We propose that the use of a closely related reference genome, without masking of prophage or recombination regions, and of a sliding-window approach for isolate inclusion is best for accurate and consistent MDR organism transmission inference, when using core genome alignments and SNP thresholds. These approaches provide increased stability and resolution, so SNP thresholds can be more reliably applied for putative transmission inference among diverse MDR organisms, reducing the chance of incorrectly inferring the presence or absence of close genetic relatedness and, therefore, transmission. The establishment of a broadly applicable and standardised approach, as proposed here, is necessary to implement widespread prospective genomic surveillance for MDR organism transmission.
Melbourne Genomics Health Alliance, and National Health and Medical Research Council of Australia.
成对的单核苷酸多态性 (SNP) 是医院推断多药耐药 (MDR) 生物体传播的基因组方法的基石。然而,许多关键分析方法对这些推论的影响尚未得到系统评估。本研究旨在进行这样的系统评估。

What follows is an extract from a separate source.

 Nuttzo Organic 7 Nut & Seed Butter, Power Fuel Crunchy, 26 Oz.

我们进行了一项为期 15 个月的前瞻性研究(2 个月的试点阶段,13 个月的实施阶段),跨越包括澳大利亚墨尔本、VIC 在内的四个医院网络的 8 家医院。收集了含有耐甲氧西林金黄色葡萄球菌、万古霉素耐药肠球菌粪肠球菌和产超广谱β-内酰胺酶的大肠埃希菌和肺炎克雷伯菌的一种或多种分离株的患者临床和筛查样本,并进行了全基因组测序。使用来自每个物种的前四种最多数量序列类型(共 16 种)的基因组数据,我们系统地评估了:(1)通过使用不同的数据集和参考基因组进行多个核心基因组比对来评估样本和参考基因组多样性的影响,(2)评估在掩蔽核心基因组比对中的噬菌体和重组区域之前和之后 SNP 距离的影响,(3)随着时间的推移,样本基因组在数据集中的累积与 3 个月滑动窗口方法之间的差异,以及(4)在应用之前定义的 SNP 阈值推断可能的传播时,每种方法的比较效果。

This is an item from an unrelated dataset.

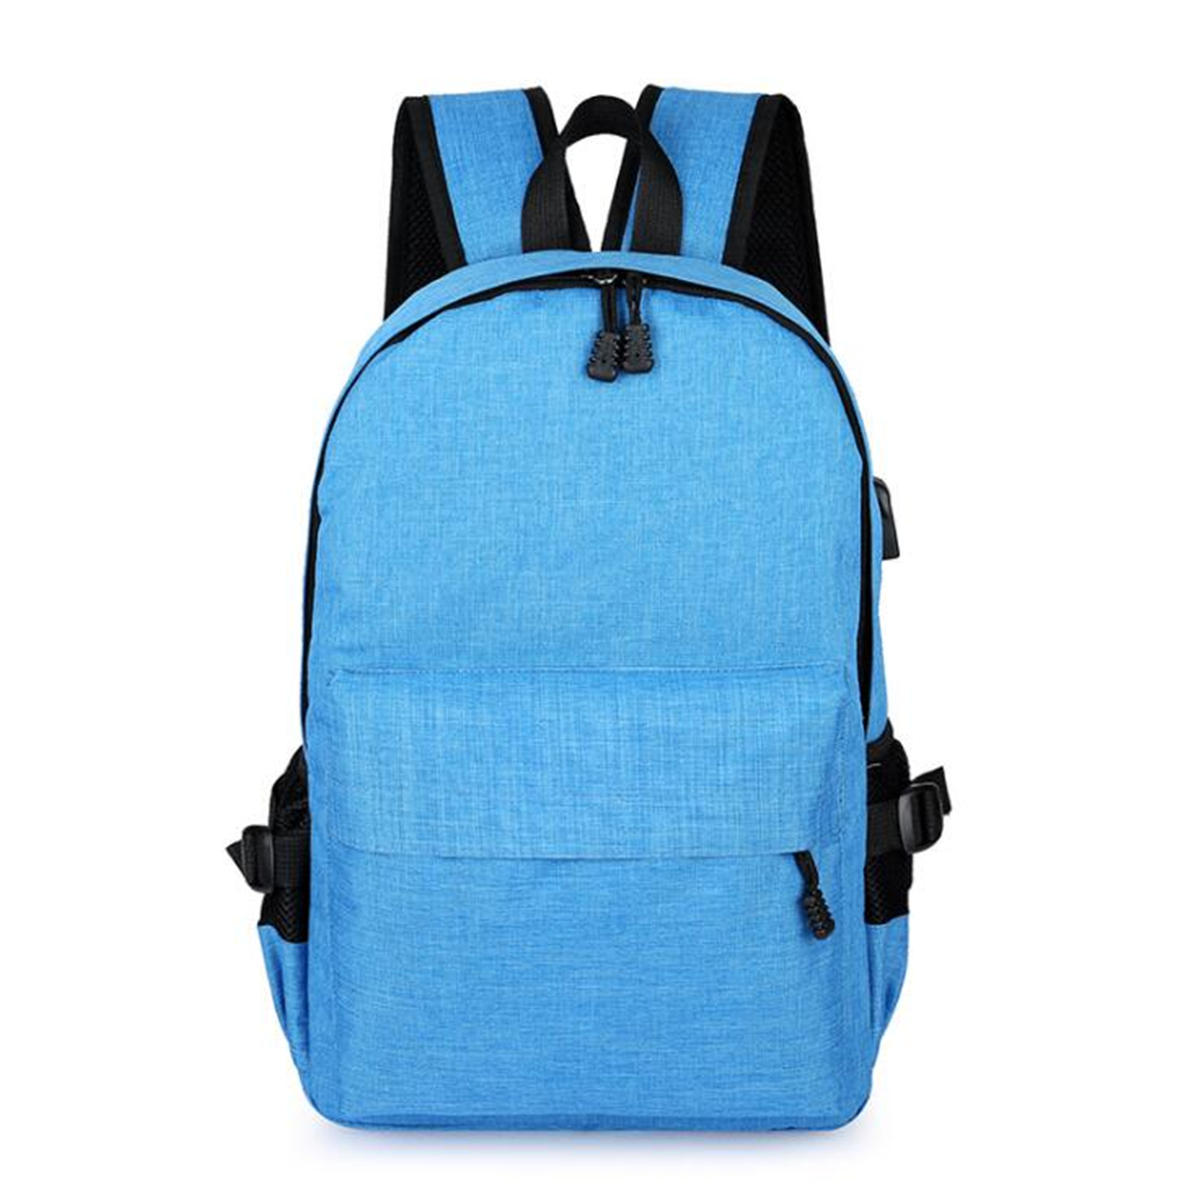 15l outdoor usb anti-theft backpack rucksack laptop bag school shoulder ...

从 1870 名患者中收集了 2275 个样本(4 月 4 日至 6 月 18 日的试点阶段采集了 397 个样本;10 月 30 日至 11 月 30 日的实施阶段采集了 1878 个样本)。在这 2275 个样本中,有 1537 个被确定为来自该数据集的四个目标 MDR 生物体物种中每一个最常见序列类型的四个最常见序列类型(共 16 个序列类型:金黄色葡萄球菌 ST5、ST22、ST45 和 ST93;粪肠球菌 ST80、ST203、ST1421 和 ST1424;肺炎克雷伯菌 ST15、ST17、ST307 和 ST323;和大肠埃希菌 ST38、ST131、ST648 和 ST1193)。在这些物种中,使用相同序列类型的参考基因组提供了更大程度的成对 SNP 分辨率,与主要导致 SNP 距离膨胀和可能错过传播事件的物种和外群参考比对相比。忽略噬菌体区域的影响最小;然而,忽略重组区域的影响非常大,通常会增加密切相关对的数量。与累积方法相比,使用滑动窗口时,菌株对之间估计的 SNP 距离更一致。
我们建议,在使用核心基因组比对和 SNP 阈值时,最好使用密切相关的参考基因组,不掩蔽噬菌体或重组区域,并使用滑动窗口方法来包括分离株,以进行准确和一致的 MDR 生物体传播推断。这些方法提供了更高的稳定性和分辨率,因此 SNP 阈值可以更可靠地应用于不同 MDR 生物体之间的假定传播推断,从而降低错误推断密切遗传相关性和因此传播的可能性。如这里所建议的,需要建立一种广泛适用和标准化的方法,以实施广泛的前瞻性基因组监测 MDR 生物体的传播。
墨尔本基因组健康联盟和澳大利亚国家卫生和医学研究委员会。